Answer the question based on the context below, and if the question
can't be answered based on the context, say "I don't know"

Context:  :

{}

---

Question: {}
Answer:"""
    
    current_token_count = len(tokenizer.encode(prompt_template)) + \
                            len(tokenizer.encode(question))
    
    context = []
    for text in get_rows_sorted_by_relevance(question, df)["Paragraph"].values:
        
        # Increase the counter based on the number of tokens in this row
        text_token_count = len(tokenizer.encode(text))
        current_token_count += text_token_count
        
        # Add the row of text to the list if we haven't exceeded the max
        if current_token_count <= max_token_count:
            context.append(text)
        else:
            break

    return prompt_template.format("\n\n###\n\n".join(context), question)
    

In [None]:
print(create_prompt("who is Taua?", df, 400))

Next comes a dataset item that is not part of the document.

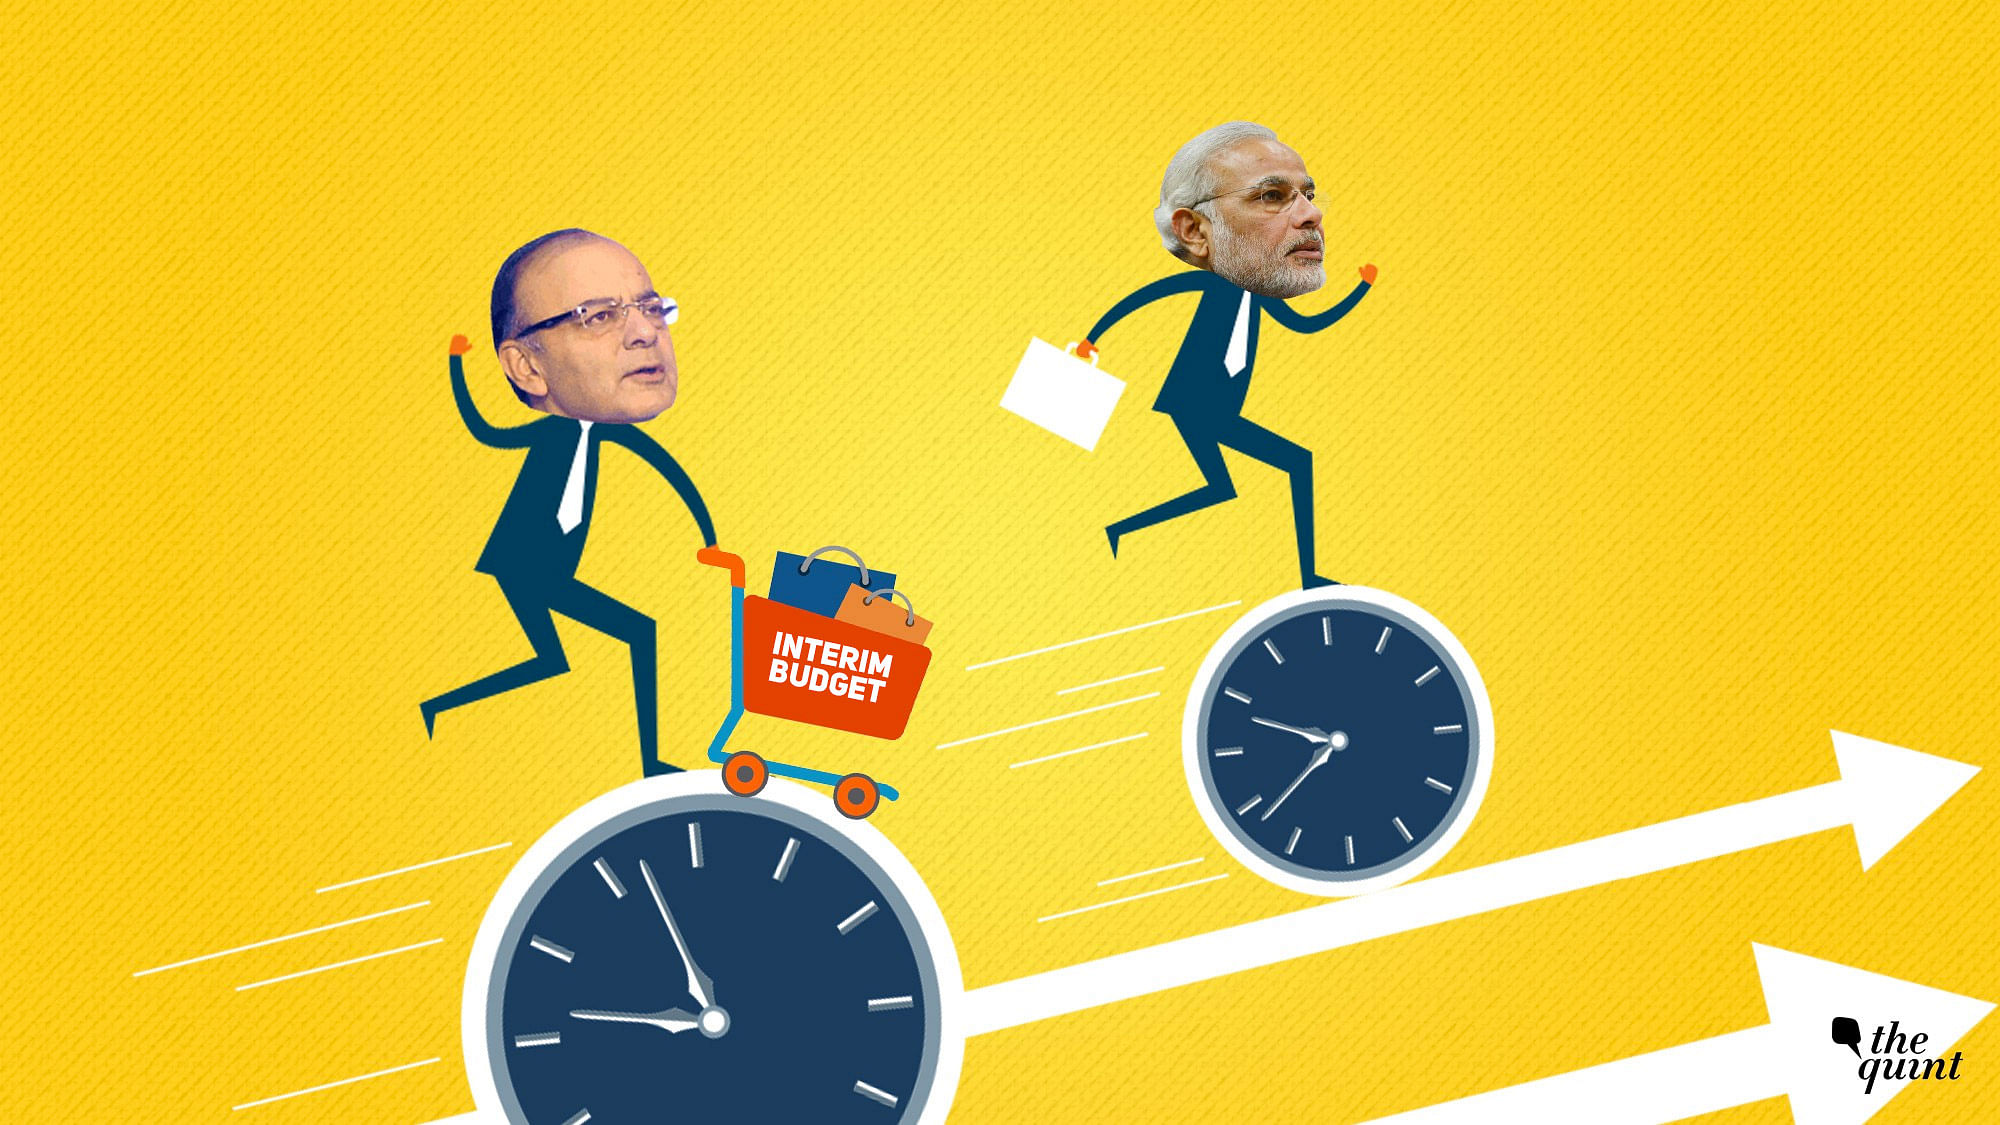 The Quint breaks down the scope of the interim budget, and what is likely to be on the Modi government’s agenda.

### Function to Retrieve Answers from the Model

In [77]:
COMPLETION_MODEL_NAME = "gpt-3.5-turbo-instruct"

def answer_question(
    question, df, max_prompt_tokens=3000, max_answer_tokens=100
):
    """
    Given a question, a dataframe containing rows of text, and a maximum
    number of desired tokens in the prompt and response, return the
    answer to the question according to an OpenAI Completion model
    
    If the model produces an error, return an empty string
    """
    
    prompt = create_prompt(question, df, max_prompt_tokens)
    
    try:
        response = openai.Completion.create(
            model=COMPLETION_MODEL_NAME,
            prompt=prompt,
            max_tokens=max_answer_tokens,
            temperature = 0
        )
        return response["choices"][0]["text"].strip()
    except Exception as e:
        print(e)
        return ""
        

In [78]:
while True:
    user_input = input("Type your question (or 'exit' to exit): ").strip()
    
    if user_input.lower() == "exit":
        print("Exiting.")
        break
    
    try:
        initial_who_is_answer = openai.Completion.create(
            model="gpt-3.5-turbo-instruct",
            prompt=f"Question: {user_input}\nAnswer:",
            max_tokens=150
        )["choices"][0]["text"].strip()
    except Exception as e:
        initial_who_is_answer = f"Error: {e}"

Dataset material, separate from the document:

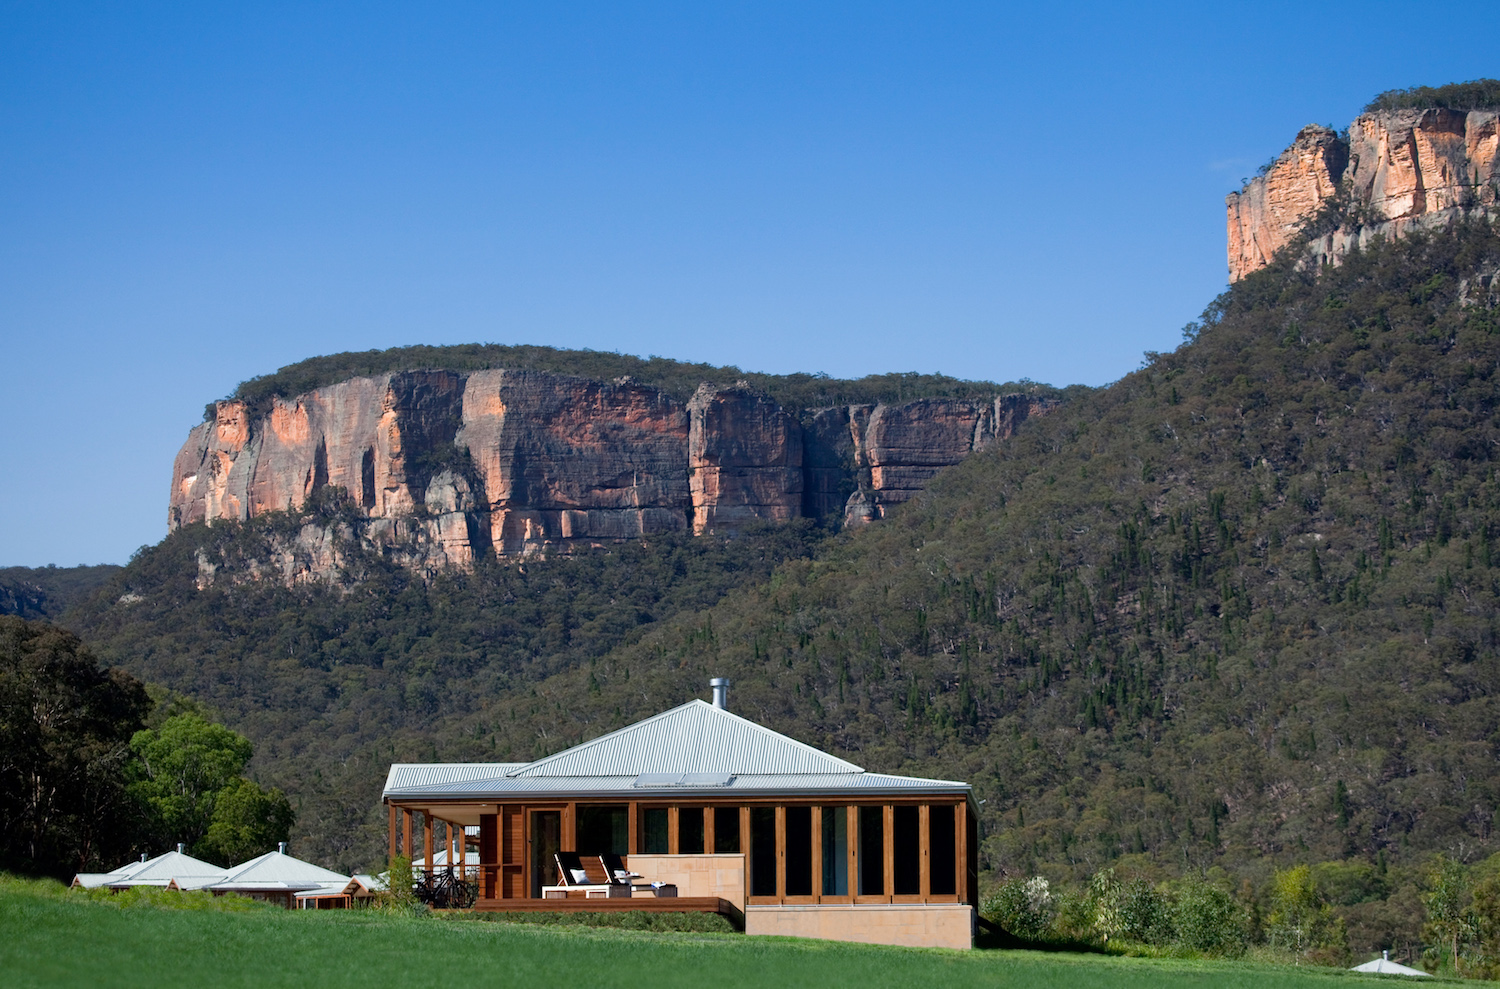 Emirates One&Only Wolgan Valley in the Blue Mountains

    custom_who_is_answer = answer_question(user_input, df)

    print(f"""
    Question: {user_input}

    Original Answer: {initial_who_is_answer}
    Custom Answer:   {custom_who_is_answer}
    """)


    Question: who is Taua

    Original Answer: As an AI, I do not have access to personal information such as a person's name. Can you provide more context or details about Taua?
    Custom Answer:   Tauã is a Product Analyst at Itaú with a background in Mechanical Engineering and expertise in data analytics, process automation, and machine learning applications. He is fluent in English and holds certifications in Analytics Engineering Associate, Generative AI Associate, and Data Science Associate from Itaú. He has experience with internal bank databases and has pursued additional education in business. He is currently pursuing the Gen IA Nanodegree by Udacity to deepen his knowledge in artificial intelligence applications. He is committed to refining his
    

    Question: where Taua graduated?

    Original Answer: I'm afraid I can't answer that question as there is no information given about Taua or when they graduated. Do you have any other information that could help me answer 

As shown above, the customized model demonstrates excellent performance by accurately answering both questions.